Pycon AU: Making Python More Fun for Everyone

Screen shot from Spy Who Coded game
Screen shot from Spy Who Coded game

Interesting talk from the creators of SingPath – games to help people learn to code. Left me wanting to try the game! Some insights about women and what they find off-putting – nothing unexpected. Notes below:

Intrinsic vs. extrinsic motivation: autonomy, mastery, purpose (Dan Pink’s book – Amazon).

Want to extrinsically motivate people without killing intrinsic motivation. This is really hard. Decided to focus on extrinsic.

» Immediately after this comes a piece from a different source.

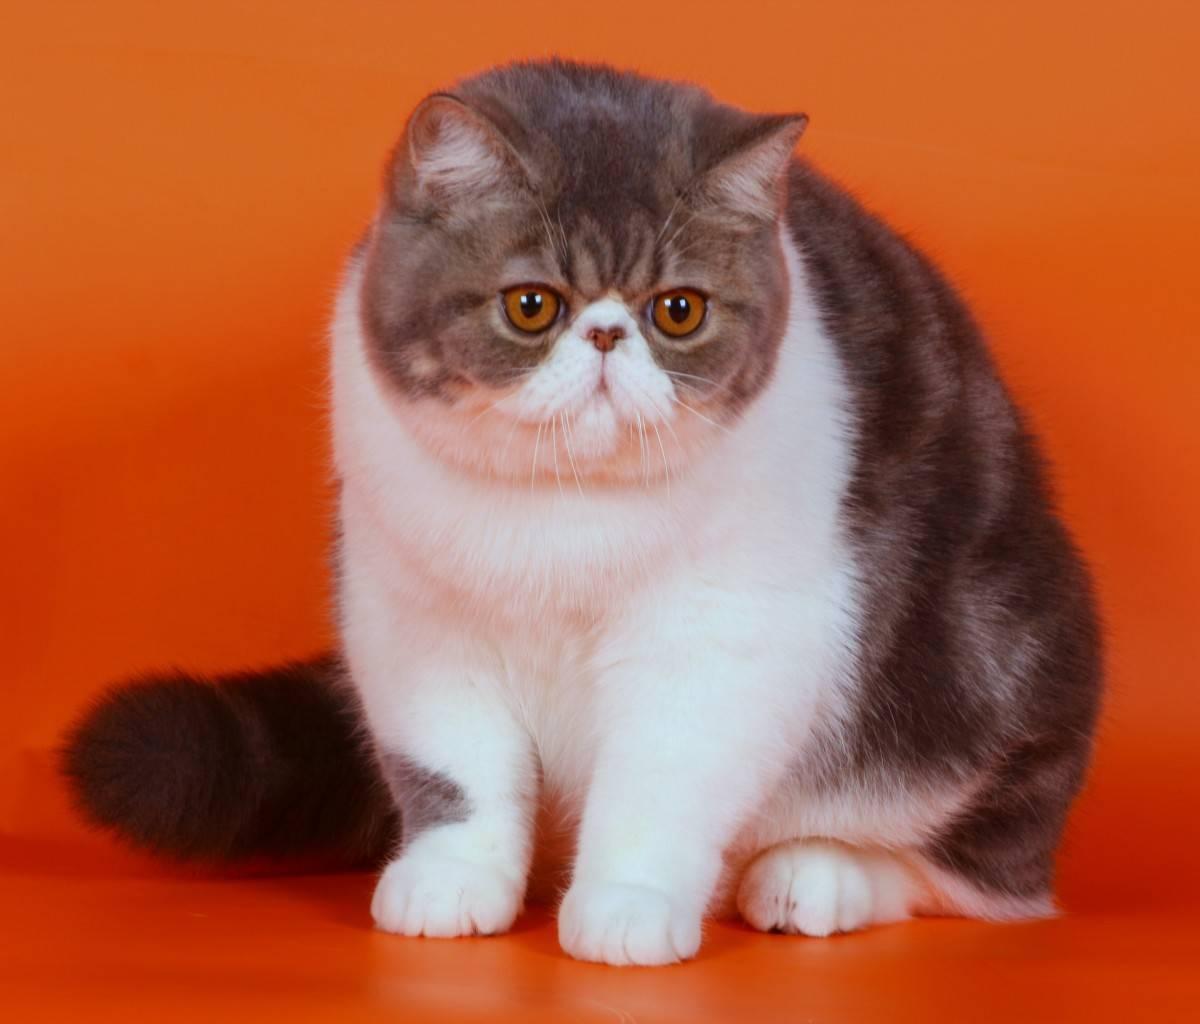 Экзотическая короткошерстная кошка: особенности породы, внешний вид и характер

Quests: “The Spy Who Coded Javascript” – it’s a first person coder.

Games are hard fun. They:

  • Have clear goals.
  • Require concentration.
  • Give immediate feedback.
  • Deep, effortless involvement.
  • Uncertain outcome.

 

Hard to find balance – some people find it too easy, others too hard. Answer: adaptive difficulty (difficulty changes, depending on how you’re doing).

A setting easier than easy – drag and drop. This is not intimidating. Also allows for tablet based – an iPad app.

Individual learner – try to maximise classroom efficiency.

Tournaments – everyone in the room is solving the same thing, at the same time.

Idea: “Tournament based teaching”. First 5 minutes are close-book, after that open book. Peer based learning – first 10 finish, then go and help people who haven’t finished. There will always be some students who are very fast – these students then get to explain/mentor.

First pro tournament at Pycon APAC.

Collaborative learning – fun round, then prize round. No qualitative judging, the most efficient coding wins.

Team-based tournaments.

Pair-programming tournaments.

Contemplating: mixed doubles (one female, one male on the team) – encourage peer-based learning, diversity.

How do you balance carrot/stick with things that people are intrinsically motivated for?

Women less likely to participate in the competitive rounds – the fun round, yes, prize round no.